The resistance to doxorubicin in breast cancer cells and posaconazole Noxafil suggest that anything similar mechanisms can k In tumor cells and cardiomyocytes to be in operation. HIF HIF 1a and 2a have different tissue distributions, but are connected by common stimuli and share many target genes and functions, preventing any clear determination enabled her r The specific. We demonstrated that both isoforms of HIF that are sensitive to degradation Similar to the von Hippel Lindaumediated ubiquitin-proteasome-dependent are you Ngig were induced by dexrazoxane, but we k Can not determine the contribution is for the protection of H9c2 cells. Shall, however, suggests the loss of cardioprotection in cells with shRNA-mediated pkc delta inhibitor inhibition of HIF 1a and specific resistance to doxorubicin toxicity t in cells overexpressing HIF 1a that this isoform plays a role Important role. Doxorubicin inhibits HIF-1 transcriptional activity strongly t in tumor cells, but another study found no inhibitory effect.

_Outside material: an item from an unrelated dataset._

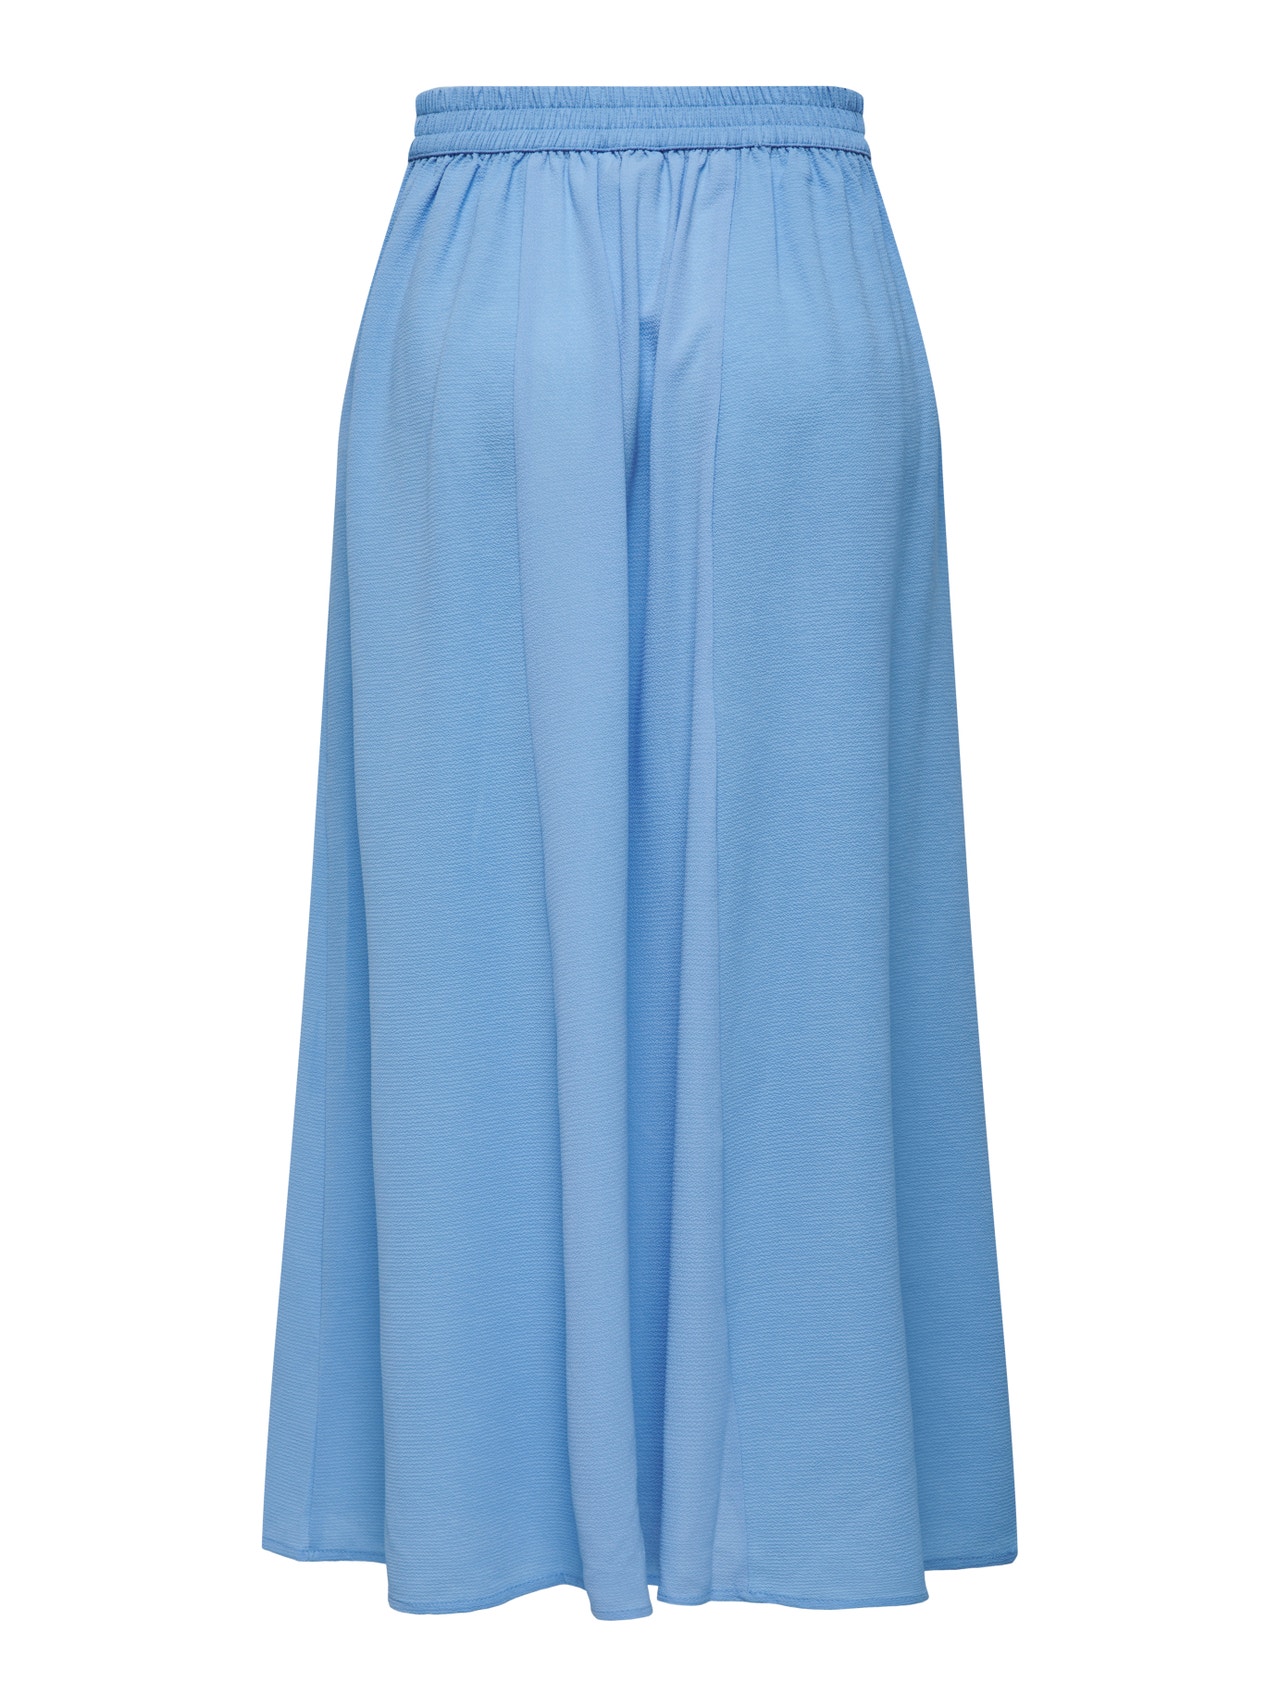 ONLY Midi skirt -Provence - 15233735

We observed that the partial inhibition of the transactivation ability F Of HIF in the doxorubicin treated H9c2 cells, and not enough to prevent its protective function. In particular, we have shown that the expression of HIF-target genes not affected by doxorubicin and was also in H9c2 cells exposed to dexrazoxane plus doxorubicin regulated. The different experimental conditions and different cell types explained Ren the discrepancy. We also assessed the effects of dexrazoxane on the expression of several HIF-target Fesoterodine genes in H9c2 cells and found that it is the expression of the target gene of HIF typical aldolase A, an enzyme of glycolysis that loan St a positive effect on cell function and the adaptation to hypoxia. In line with the r The anti-apoptotic genes regulated HIF and preventing apoptosis induced by pretreatment with dexrazoxane, we observed strong up regulation of survivin and MCL1, which are both members of the family of inhibitors of apoptosis proteins. Our results are consistent with the essential function of survivin in cell division and inhibition of apoptosis is known, and with the recent demonstration that the overexpression of survivin in cardiomyocytes inhibited apoptosis induced by doxorubicin. In addition, it was shown that MCL1 with the Lebensf Associated ability of cardiac muscle cells. Our previous results showed that doxorubicin cardiomyocyte apoptosis by inhibiting the antiapoptotic HO 1, which facilitate a HIF target gene.
consistent with these results, exposure to dexrazoxane capable of inhibiting HO-1 expression was exerted by doxorubicin and neutralize come Born a strong increase in HO-1 levels. We recall that in our study, the inhibition of HIF-activity t by the expression of cell death induced by position doxorubicin DARNT prevents and suppresses the induction of these antiapoptotic genes, which indicates their R Induced cardioprotection in the dexrazoxane. The effect of incomplete Requests reference requests getting Inhibition of HIF-activity t is applied, can be one of the following the fact that all cells were transfected, but the inclusion of other transcription factors can not be excluded. On the other hand, we have no significant modulation of Bcl xL, an anti-apoptotic protein that protects H9c2 cardiomyocytes from apoptosis induced by doxorubicin. Our results are in flax.